**WORK TASK:** The material below holds pictures, which are to be left out; copy exactly the lines from the one with "AARP by UnitedHealthcare" through the one with "DIY folded floating catamaran!".

**SOURCE INFORMATION:**
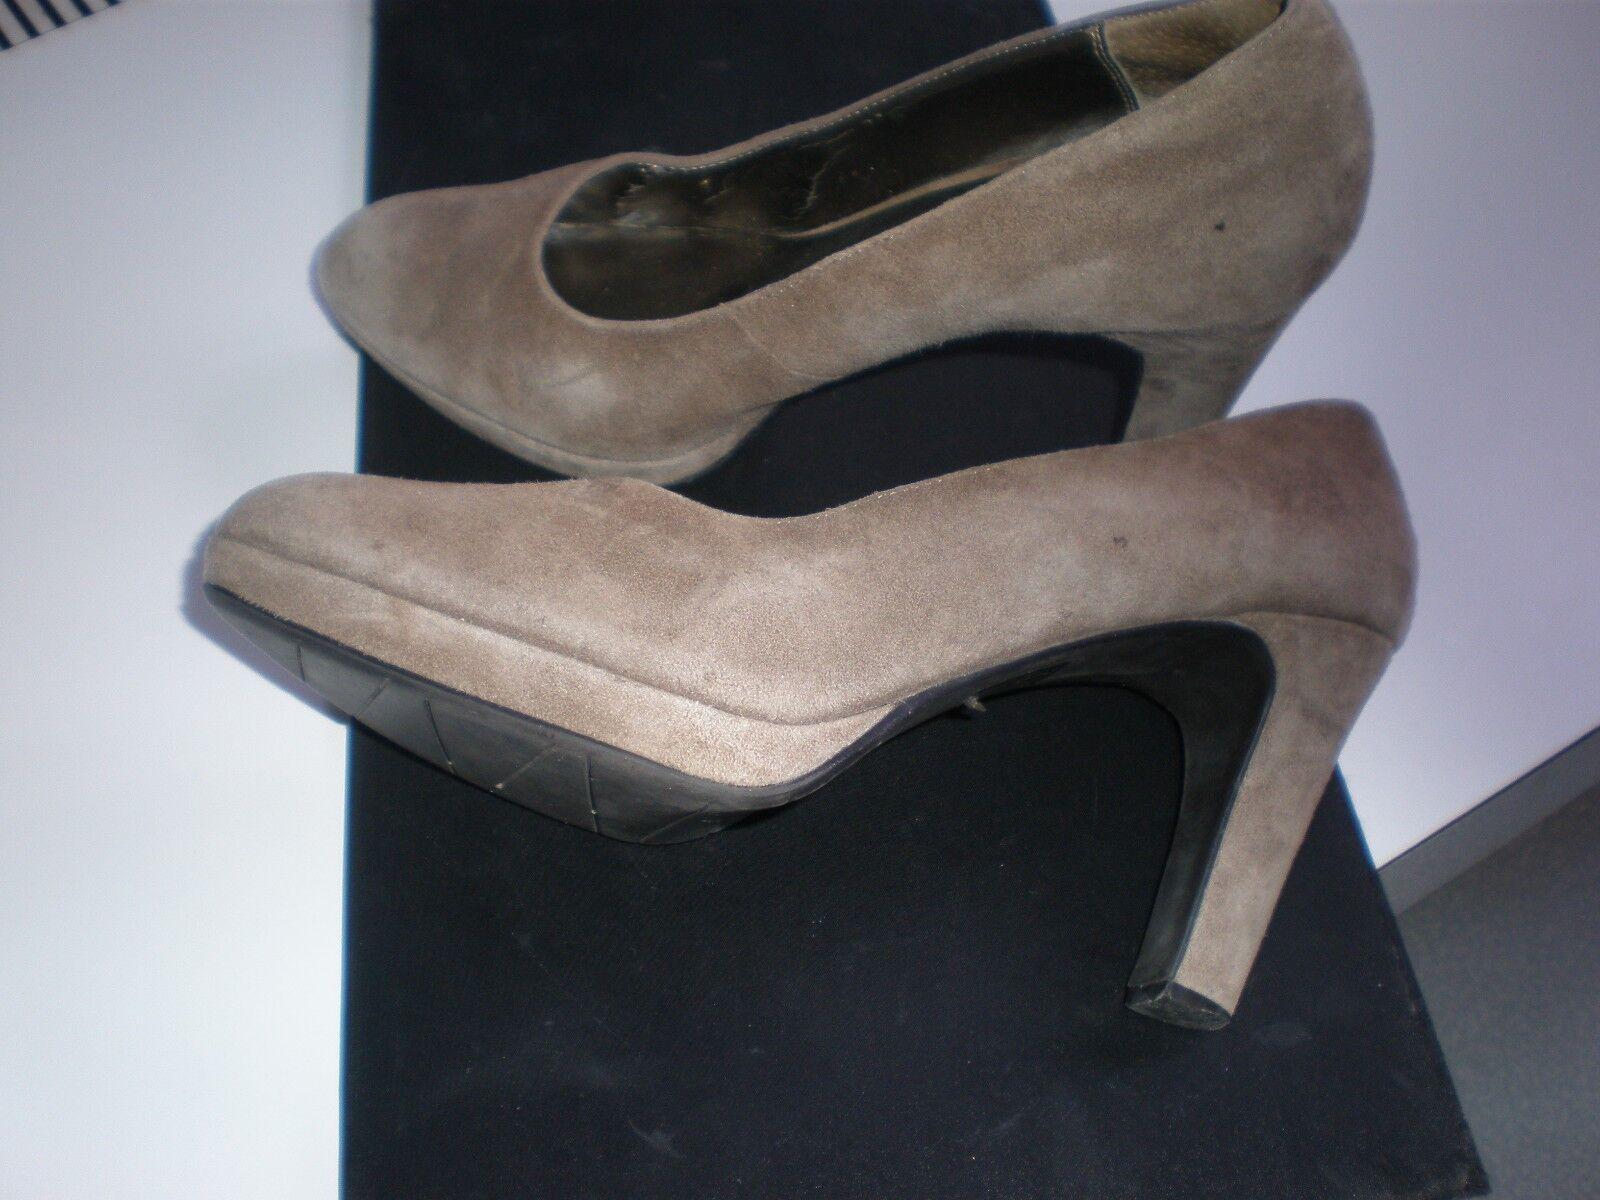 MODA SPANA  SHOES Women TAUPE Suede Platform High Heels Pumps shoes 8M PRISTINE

...

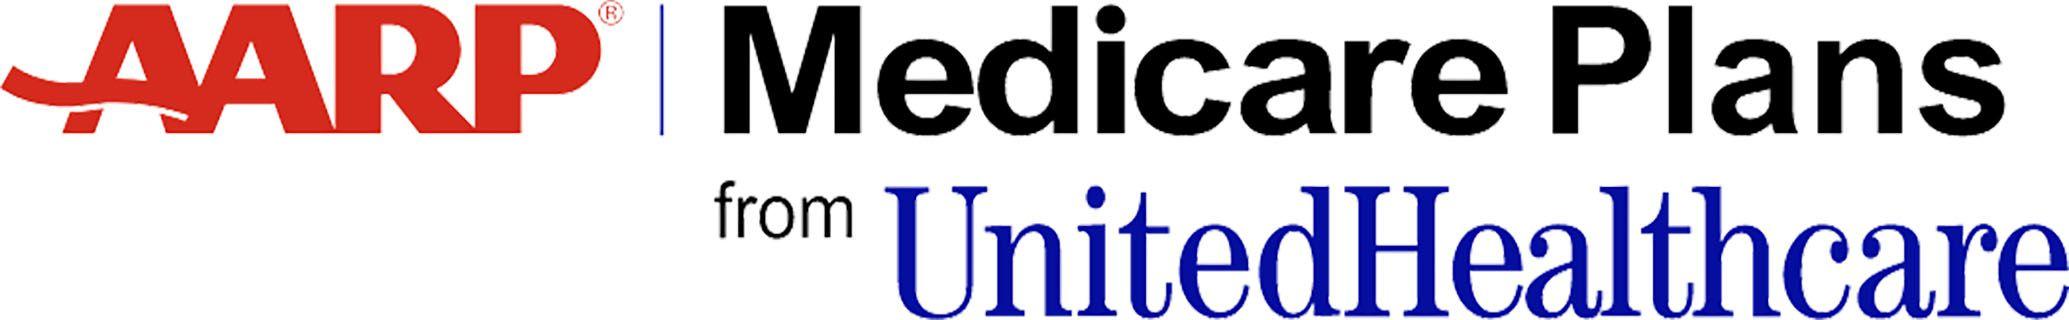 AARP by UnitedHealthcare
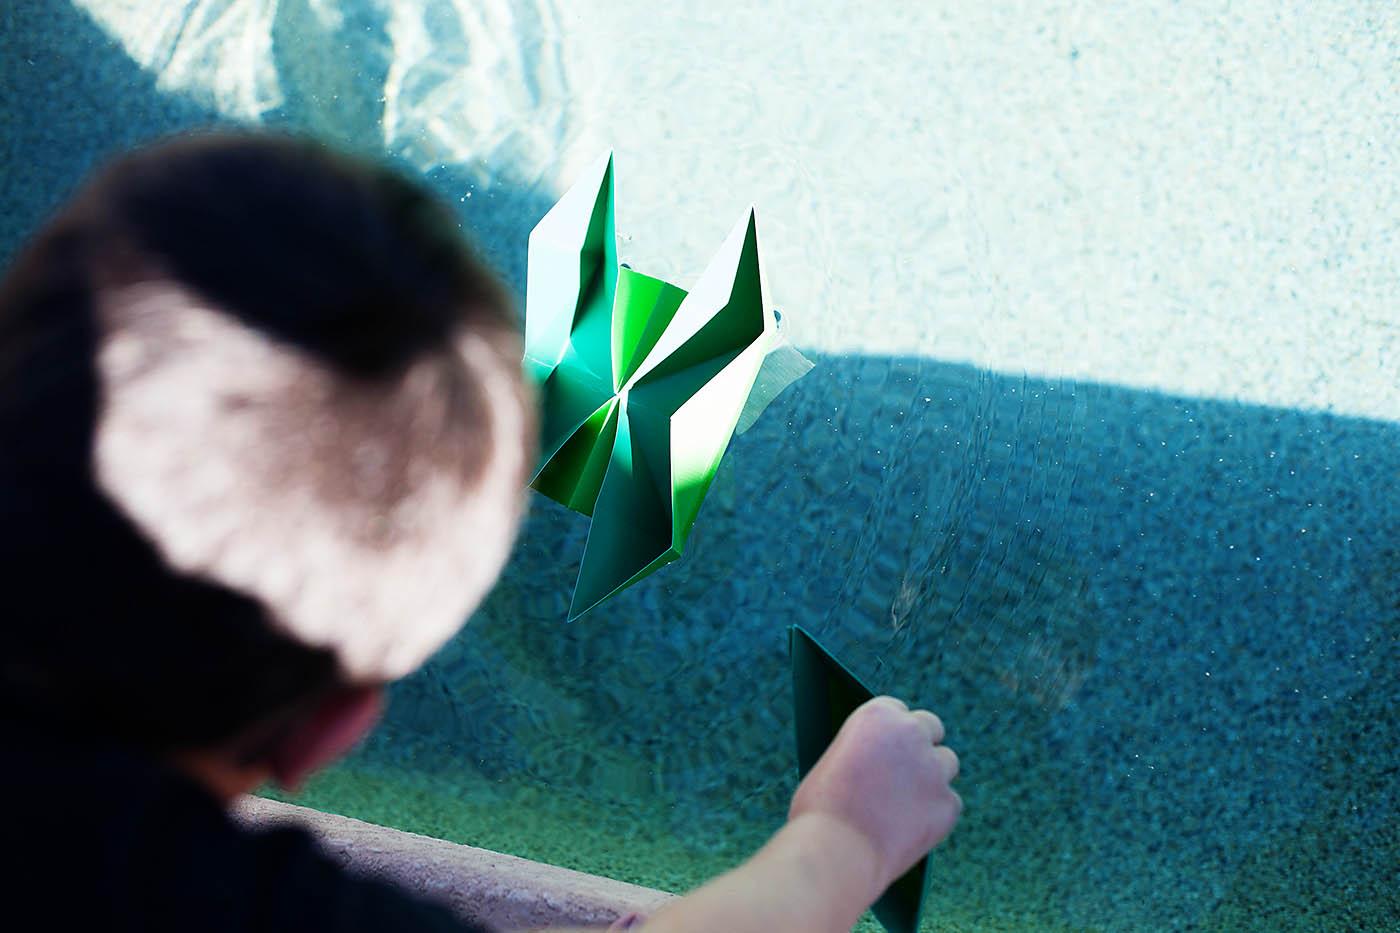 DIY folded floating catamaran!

**RESPONSE AREA:**
 AARP by UnitedHealthcare
 DIY folded floating catamaran!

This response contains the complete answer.